Семейный портрет, г. Збраслав (пригород Праги, тогдашняя Чехословакия), после 1922 г. На снимке слева направо: Лосская Людмила Владимировна, Лосский Борис Николаевич, Стоюнина Мария Николаевна, Лосский Владимир Николаевич, Лосский Николай Онуфриевич, Лосский Андрей Николаевич [источник]


Но даже краткий перечень выпускниц Гимназии Стоюниной («стоюнинок») впечатляет больше списка педсостава.

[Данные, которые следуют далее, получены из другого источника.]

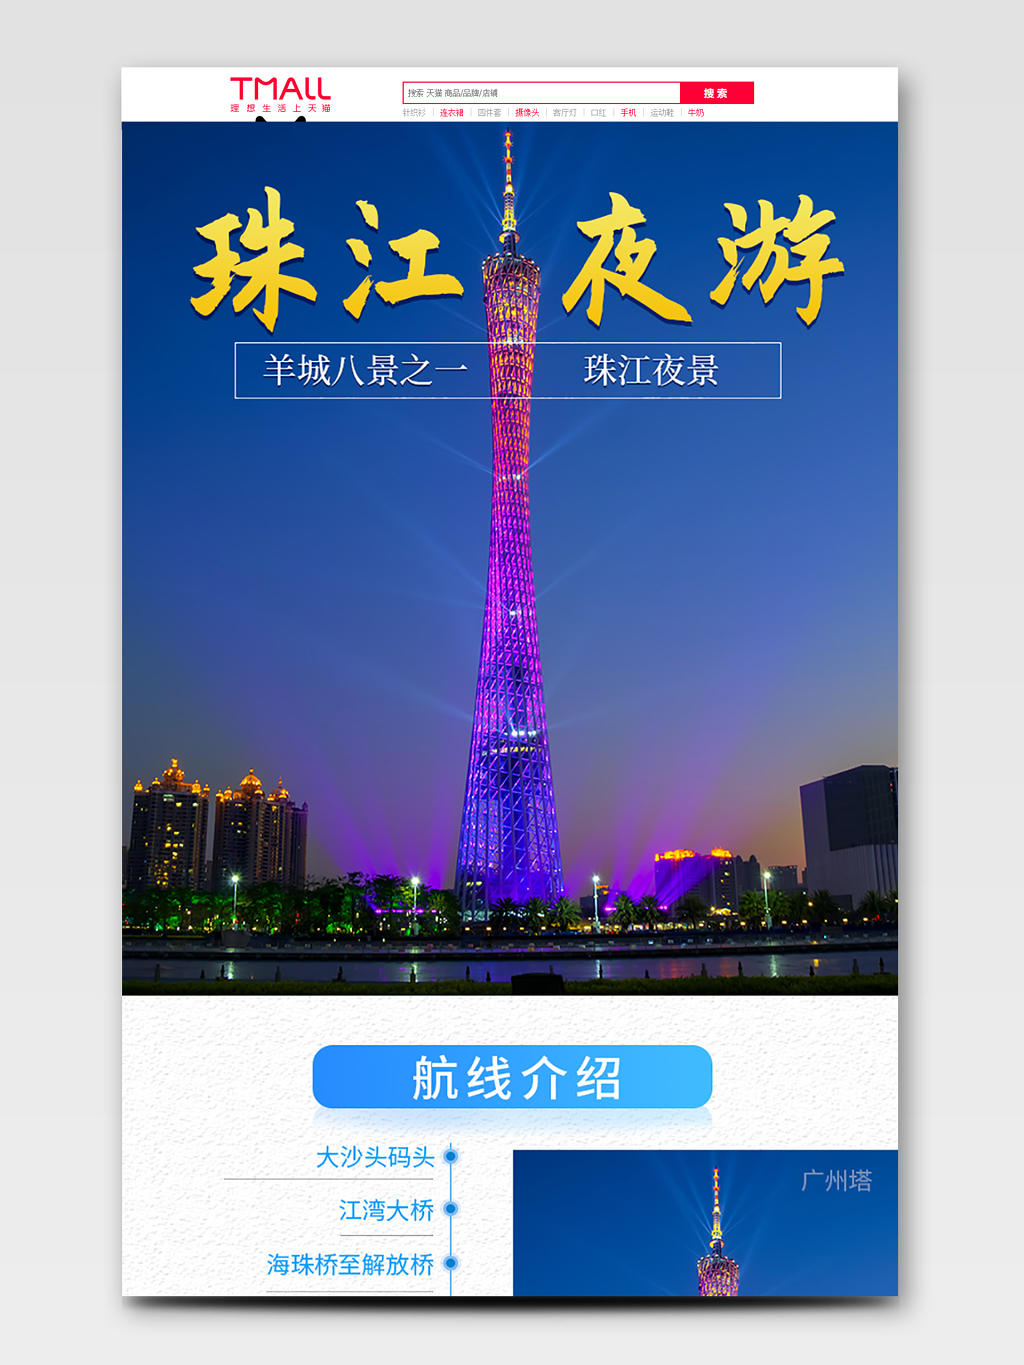 深蓝色风格羊城八景之一珠江夜游旅游产品详情页模板
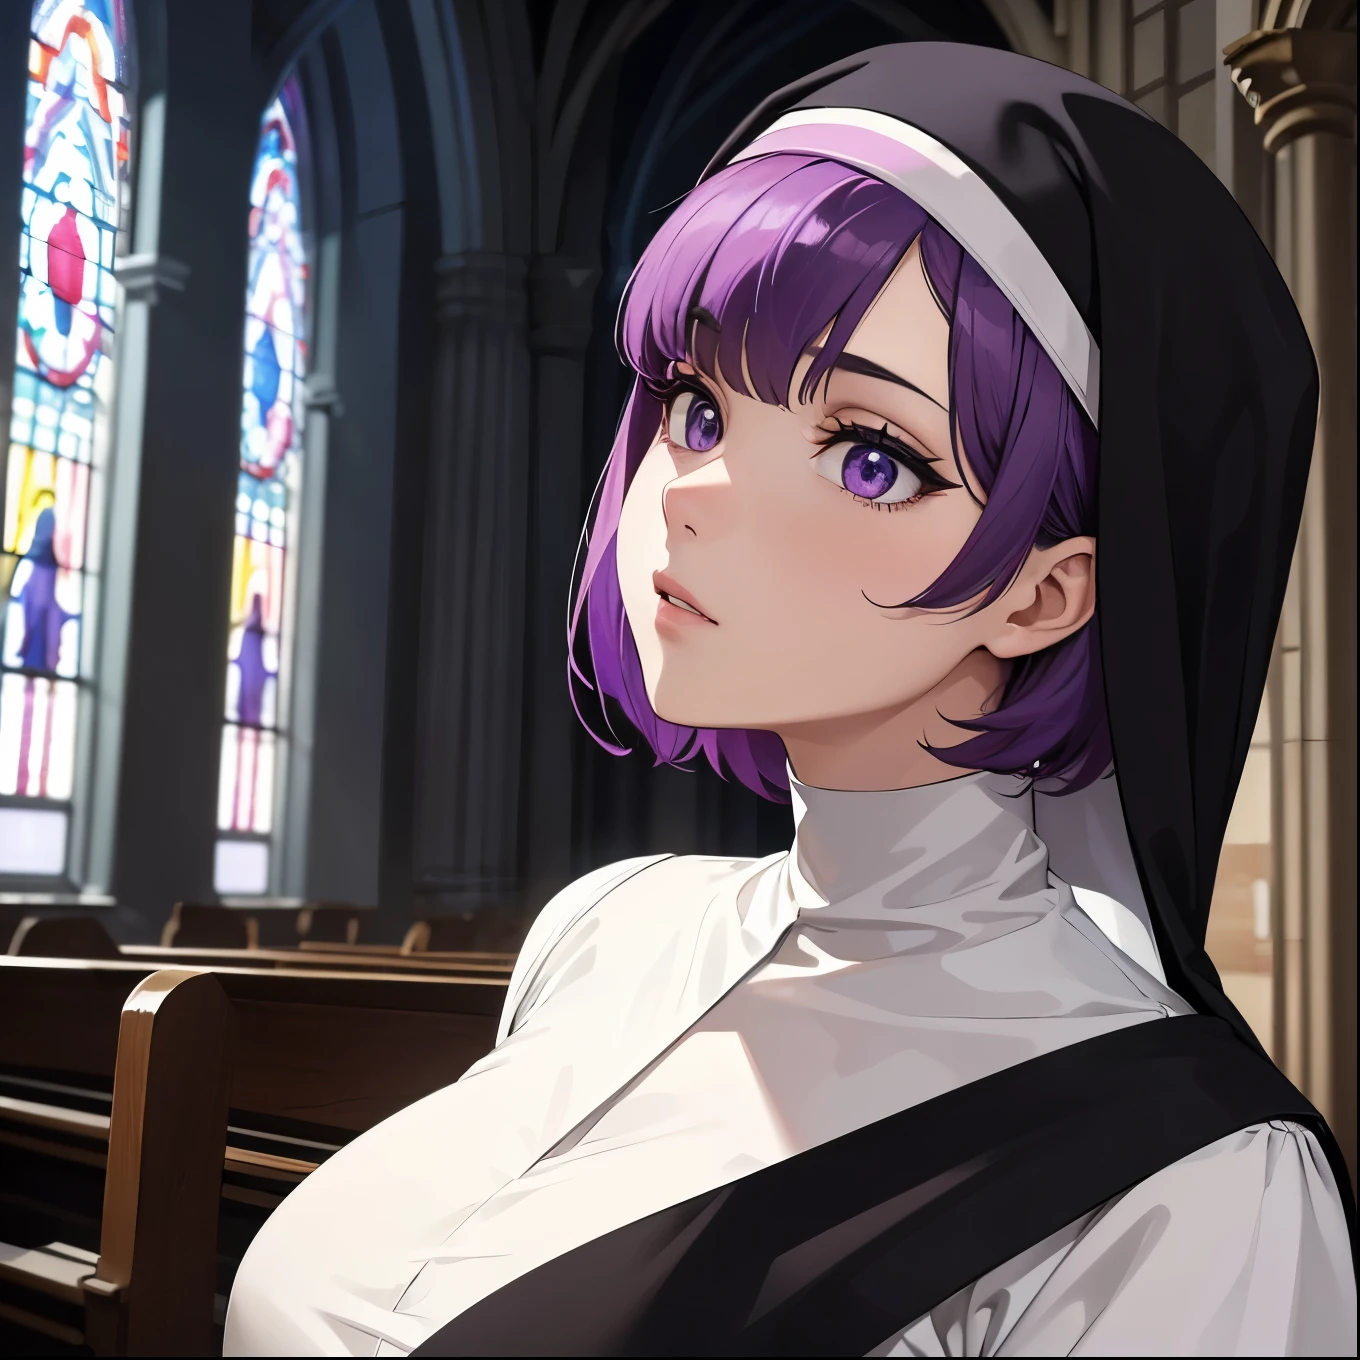 高級, 傑作, 超高解析度, 一個紫色短髮和紫色眼睛的女孩的照片，她穿著修女在教堂裡&#39;服裝, 她仰躺著，展示她的大屁股

Нина Берберова (1901-1993 гг.). Значимая фигура Первой волны эмиграции. Педагог, публицист, издатель. Преподавала в Йельском, Принстонском, Корнеллском, Колумбийском, Пенсильванском университетах. Прожила долгую жизнь и успела стать звездой перестроечного книжного бума. Я вспоминаю восторженные рецензии в тогдашней прессе («Женщина неслабого пола» и т.д.) на советское издание её мемуаров «Курсив мой». Позднее вышел русский перевод её исследования «Люди и ложи: Русские масоны XX столетия».


Монахиня Мария (Елизавета Юрьевна Скобцова), погибшая в Равенсбрюке (я ещё помню споры вокруг её канонизации).


Розенбаум Алиса Зиновьевна, она же Айн Рэнд, та самая («Атлант расправил плечи» и т.п.).



Берберова Н.Н., Скобцова Е.Ю., Розенбаум А.З.




А ещё — одна из дочерей философа В.В. Розанова; а так же — Ольга Набокова (дочь политика, сестра писателя); Ирина Головкина (внучка композитора Н. А. Римского-Корсакова) и некоторое множество будущих советских и эмигрантских поэтесс, художниц, переводчиц, журналисток. Замечу, что вместе с представительницами состоятельных фамилий в гимназии получали образование и девочки из простых семей, ученицы бесплатной начальной школы, явившие исключительные способности (впрочем, таких счастливиц было совсем немного, гимназия оставалась коммерческим предприятием). Успел поучится в этом учебном заведении и Дмитрий Шостакович, но это уже при большевиках, когда школа перестала быть женской.


Примечателен даже не сам элитарный характер этого учебного заведения, а то, что это были дети «другой», не-имперской, не-служилой элиты, её сложно определить — не столько буржуазная, и не совсем политическая, а скорее — медийная. Композиторы, успешные журналисты, режиссеры, фронтмены думских партий, популярные ораторы. 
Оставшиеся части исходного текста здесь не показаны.